Well, welcome to the fandom, I guess. It's just a fandom that people identify with really, but it makes its bad sides well-known. Though really the whole beastiality stereotype seems to have died down over the past few years

The first thing you'll need is a dark and strong sense of humor, you'll need to mock yourself and the fandom before those around you beat you to it. The stronger and darker, the better


----------



## Tiamat (Feb 17, 2013)

I was just fooling around Raptros...I honestly dont even care about specifics.  I had no idea we were even in disagreement...


----------



## PsychicOtter (Feb 17, 2013)

My definition of a furry is someone who likes anthro animals.  That being said, everybody has a different definition.  If you think you're a furry/want to be a furry, then welcome aboard.


----------



## Kalmor (Feb 17, 2013)

Tiamat said:


> I was just fooling around Raptros...I honestly dont even care about specifics.  I had no idea we were even in disagreement...


Damn, I really need to wake up in that case. It's an interesting subject to talk about nonetheless.


----------



## Fallowfox (Feb 17, 2013)

My definition of furry is someone who's actually bothered what the definition of furry is. 
 ;3


----------



## M. LeRenard (Feb 17, 2013)

You're a furry if you say you are.  If you're interested enough in the fandom to start an account here and ask about it, by all means, take a deeper look into things and see if you want to ever start calling yourself a furry.  If you don't like what you find, then it's not for you after all.  It's really that simple.  
As for bestiality, since fandom members do more often than not love animals, we get pretty perturbed when people start abusing them.  And yes, even those who are into furry porn tend to feel this way.  So unless you consider wanting to bone animal-headed people 'bestiality', there's really not a lot of it in the fandom.


----------



## benignBiotic (Feb 17, 2013)

badlands said:


> if its sentient its anthro, if its not sentient its not anthro.
> 
> there is a broad band of 'anthropomorphic' from sentient ferals to neko.


Well sentience means that a being can feel, percieve, or to have subjective experiences.
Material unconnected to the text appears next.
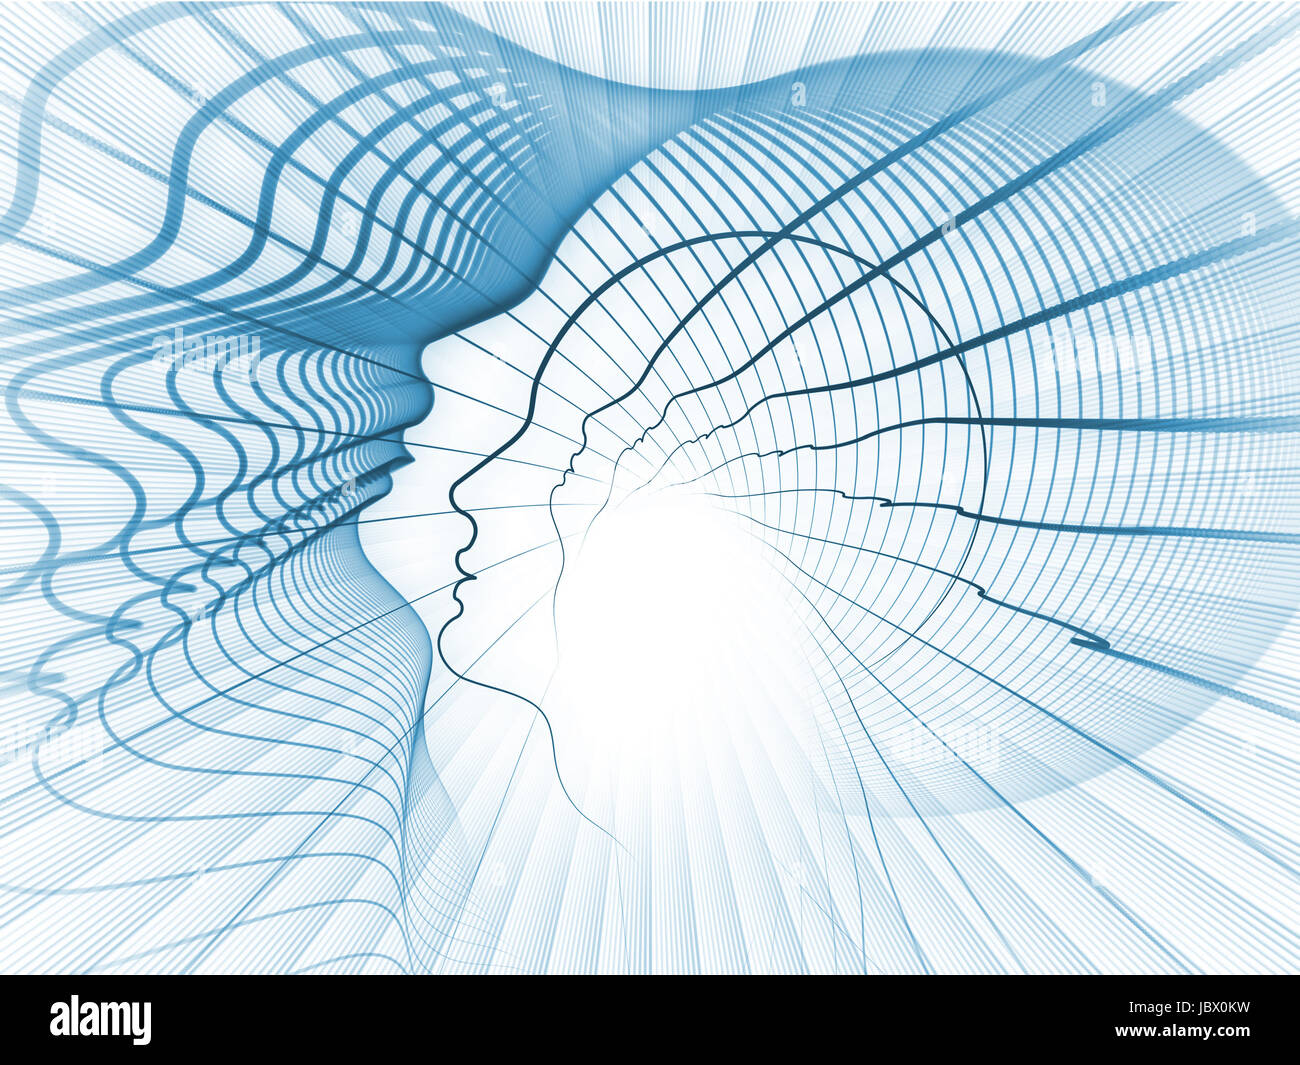 Geometrie der Seele-Serie. Design bestehend aus Profillinien des menschlichen Kopfes als Metapher zum Thema Bildung, Wissenschaft, Technik und Grafik-design Stockfoto

Most mammals, reptiles, avians, amphibians, and even fish are sentient. What you are talking about is a human-like intelligence? IE: The Lion King where they are essentially normal animals that can talk and can conceive of complex concepts. 

Aaaanyway OP I like the general rule that if you think you are a furry then you probably are one. Just don't make a big deal out of it. As the others have said it's just a hobby. Have some fun with it.


----------



## Fallowfox (Feb 17, 2013)

You are only a furry when you have sacrificed three jade-monkies to the great furry god Foxathor!


----------



## Growlmon (Feb 17, 2013)

You're a furry if you consider yourself one.  I noticed that the friends I played with the most were furries, and I was actually already involved in some RPs, decided to look into the fandom, and here I am.  As a Digimon, I'm not anthro myself.  Nor can I draw.  I seldom even look at furry art, and never yiff.  I've just grown up on a lot of cartoons that have anthro animals and remember them fondly, as does a lot of this fandom.

Really, you're a furry if you say you are, and you aren't if you say you aren't.  It's just a fandom.  Some people just turn it into a lifestyle and more.


----------



## badlands (Feb 17, 2013)

benignBiotic said:


> What you are talking about is a human-like intelligence? IE: The Lion King where they are essentially normal animals that can talk and can conceive of complex concepts.



that's what i mean. the whole human like mind concept


----------



## Harbinger (Feb 17, 2013)

The majority of the internet thinks Half Life 3 will eventually come out (cries internally), they are not always right, make your own opinions.

And i think i know how you feel, i grew up watching animal planet and the like, proper steve irwin wannabe. All throughout my life i've had dreams, found anthro things interesting, and liked the idea of being something other than human. However when i first found out about furries i heard all that crap aswell, i liked animals in a David Attenborough kinda way, not a Dayum i wanna tap that kinda way. And the more i looked into it and the more furries i spoke with i found out those allegations made by the internet are almost complete bullshit. 

I say almost because there are some proper nutjobs in the minority, as there are with any fandom of anything. Furry doesnt mean any of that bad crap, its just some people are into that kinda of stuff and just so happen to be furries aswell and so people stereotype based on those few bad cases. But to me anthro animals and actual animals are two completely different things to me, i might see a smexy furry and think dayum, but i would never think that about an animal.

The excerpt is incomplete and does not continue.